Department of Biochemistry and Molecular Biology, Biomedicine Discovery Institute, Monash University, Clayton, Victoria, 3800, Australia.
Otzma Analytics Pty Ltd, Bentleigh East, Victoria, Australia.
BMC Bioinformatics. 2020 Apr 29;21(1):165. doi: 10.1186/s12859-020-3441-x.
Network motifs are connectivity structures that occur with significantly higher frequency than chance, and are thought to play important roles in complex biological networks, for example in gene regulation, interactomes, and metabolomes. Network motifs may also become pivotal in the rational design and engineering of complex biological systems underpinning the field of synthetic biology. Distinguishing true motifs from arbitrary substructures, however, remains a challenge.
Here we demonstrate both theoretically and empirically that implicit assumptions present in mainstream methods for motif identification do not necessarily hold, with the ramification that motif studies using these mainstream methods are less able to effectively differentiate between spurious results and events of true statistical significance than is often presented.

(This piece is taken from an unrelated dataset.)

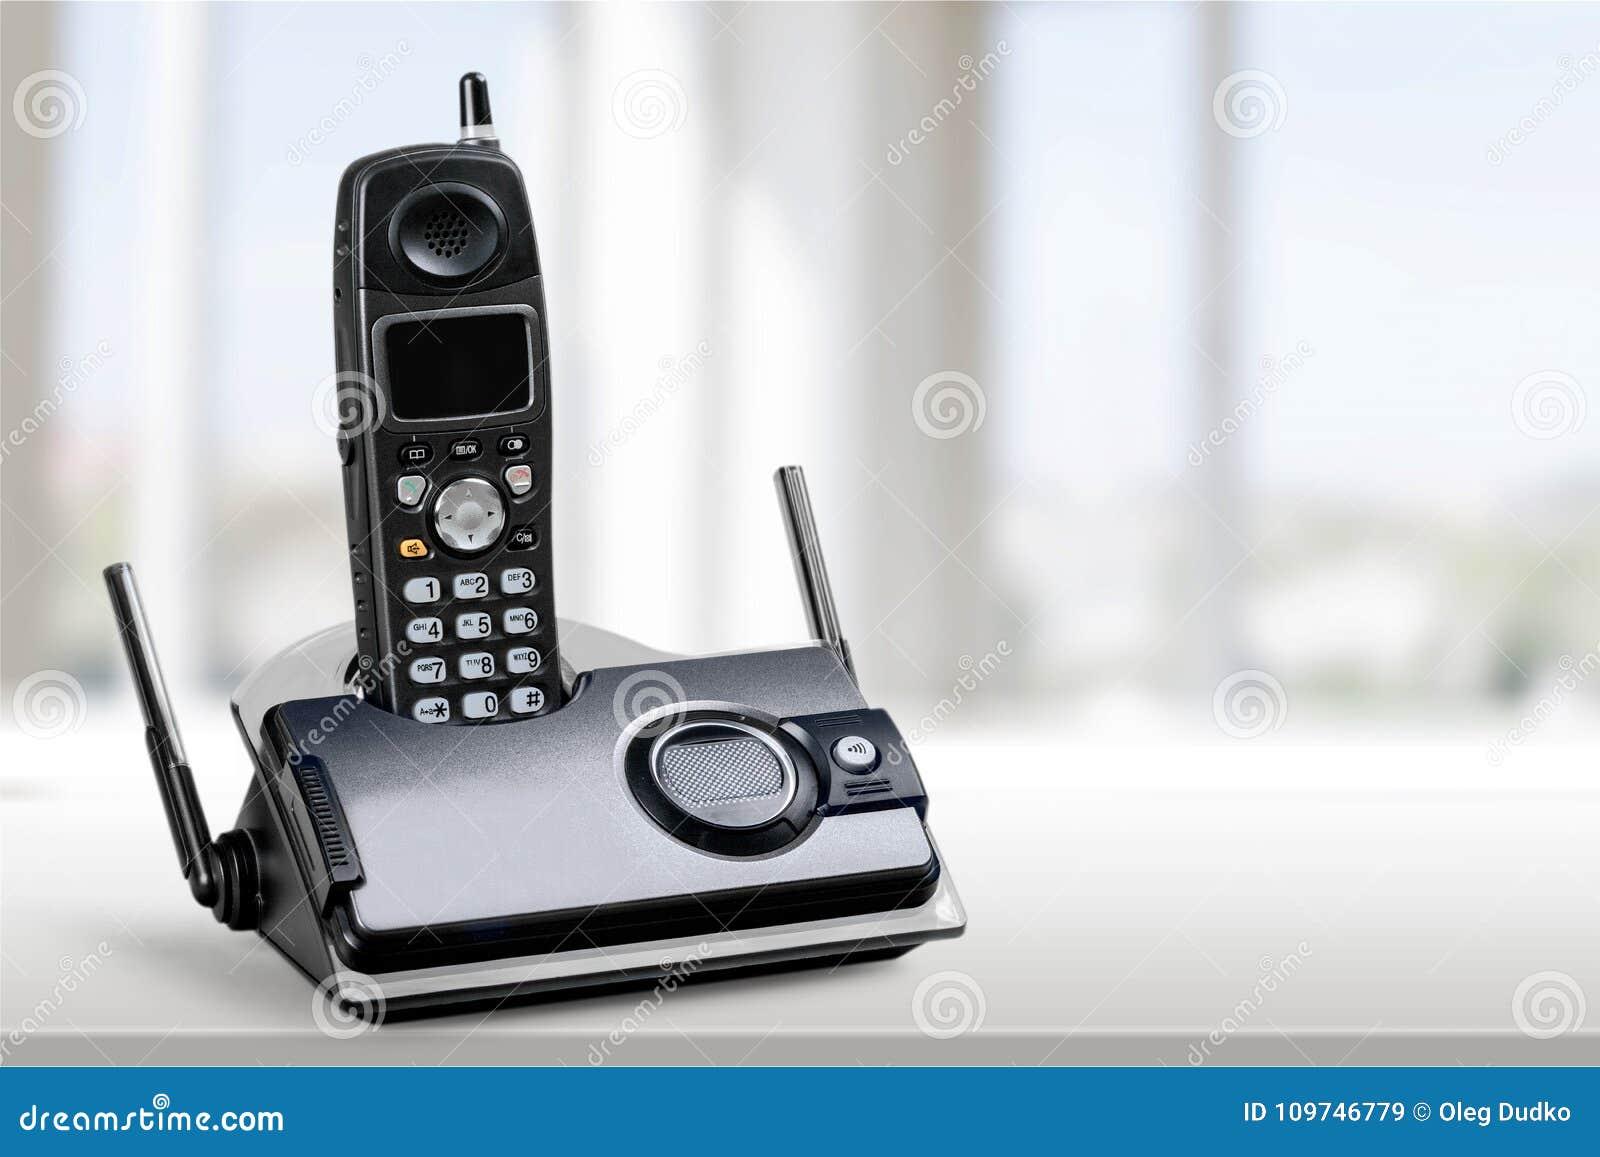 Cordless modern Phone, close-up view

We show that these difficulties cannot be overcome without revising the methods of statistical analysis used to identify motifs.

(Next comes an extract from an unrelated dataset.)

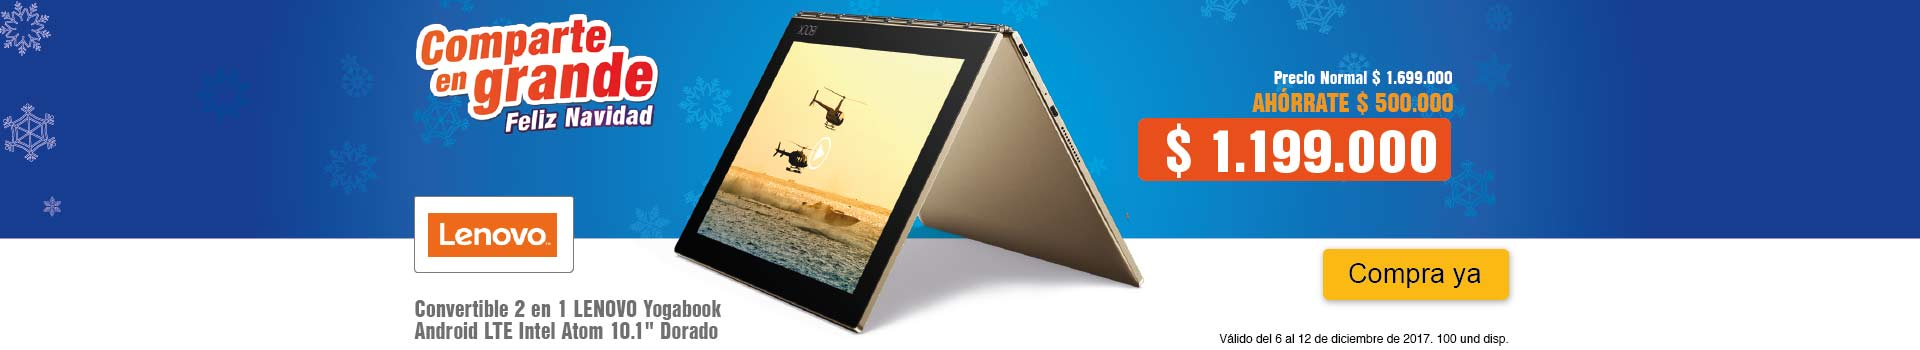 CAT AK-KT-1-computadores-Convertible 2 en 1 LENOVO - Yogabook Android LTE Intel Atom 10.1

Present-day methods for the discovery of network motifs, and, indeed, even the methods for defining what they are, are critically reliant on a set of incorrect assumptions, casting a doubt on the scientific validity of motif-driven discoveries. The implications of these findings are therefore far-reaching across diverse areas of biology.
网络基元是指出现频率明显高于随机的连接结构,被认为在复杂的生物网络中发挥着重要作用,例如在基因调控、互作组和代谢组中。网络基元也可能在合成生物学领域中对复杂生物系统的合理设计和工程中变得至关重要。然而,将真正的基元与任意子结构区分开来仍然是一个挑战。
本文从理论和实证两个方面证明,主流的基元识别方法中存在的隐含假设并不一定成立,其结果是,使用这些主流方法进行的基元研究,在区分虚假结果和真正具有统计意义的事件方面,不如通常所呈现的那样有效。我们表明,如果不修改用于识别基元的统计分析方法,这些困难就无法克服。
目前用于发现网络基元的方法,甚至用于定义它们的方法,都严重依赖于一组错误的假设,这使得基于基元的发现的科学有效性受到质疑。因此,这些发现的影响在生物学的各个领域都非常深远。